Теперь потрясло другое. Пожалуй, испугало даже. Как бы не превратиться в того мудрого труса, который якобы тайком точит дротик, а в действительности тлеет, как огонек под кизяком. Вот именно: под кизяком, под сырым кизяком — малюсенький угасающий огонек.
Нет, такая жизнь не для него! Но что делать? «Куды пайсц i? I што раб i ць?» Слова Богдановича — их часто повторял отец; поэтами Богдановичем и Купалой восторгался адвокат, считал их предвестниками национального возрождения белорусов.
Походил по кабинету. Останавливаясь у стола, прочел стихи второй раз, третий… Запомнил. Пошел к сестре. Прочитал ей.
У Лели после того, как она послужила в госпитале, насмотрелась на людские муки, появился своеобразный протест против интеллигентщины. В гимназии она увлекалась новой поэзией. Но в госпитале убедилась, что солдаты любят Лермонтова и Кольцова и не понимают Блока, а тем более Северянина и Гумилева. А сама она вообще остыла к любой поэзии, считала: не до поэзии в такое сурово-прозаическое время. Теперь она с большим удовольствием распускала старые кофточки, свитеры и вязала безрукавки — «душегрейки», как их называли солдаты; не только раненые, лежавшие в холодном госпитале, но и врачи, фельдшера готовы были руки ей целовать за такие подарки.

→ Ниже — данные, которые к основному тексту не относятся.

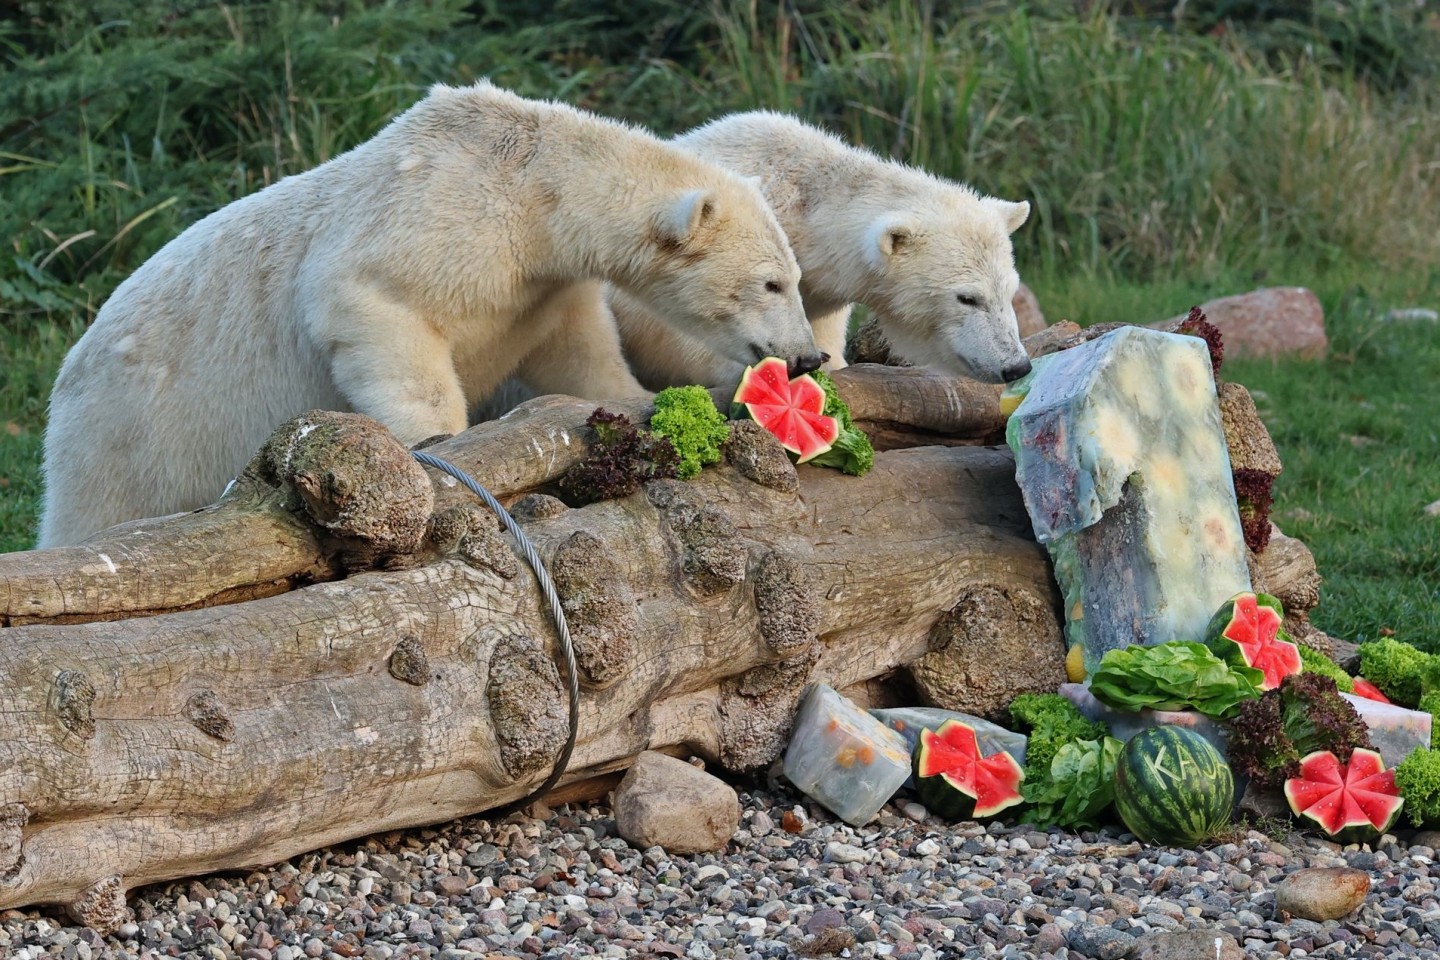 Die Eisbärenzwillinge Kaja und Skadi bekommen zu ihrem 1. Geburtstag Eistorten, eine davon symbolisiert die Zahl 1.

Не прекращая вязания — спицы в ее пальцах так и мелькали, — Леля равнодушно похвалила:
— Ничего. Чьи?
— Бунин.
— Бунин? — удивилась она. — Не то они пишут, поэты, о войне.
— Не то, — согласился Сергей. — Но это написано до войны. Хотя что значит — до войны? Когда люди не воевали?
Стало немного грустно, что сестра не поняла его. Объяснять не захотелось. Вернулся в кабинет. Полежал. Почитал Чехова. Но из головы не выходили строки: «Но сердце в нем чуть тлеет: как огонек под кизяком».
«О, да, он — мудр».
Не лежалось. Не читалось. Заглянул на кухню, где мать и Василина готовили обед; им хотелось получше, повкуснее кормить его, контуженого; делать это в голодное военное время — с приходом немцев рынки опустели — было очень нелегко, поэтому они как могли изощрялись в кулинарном искусстве.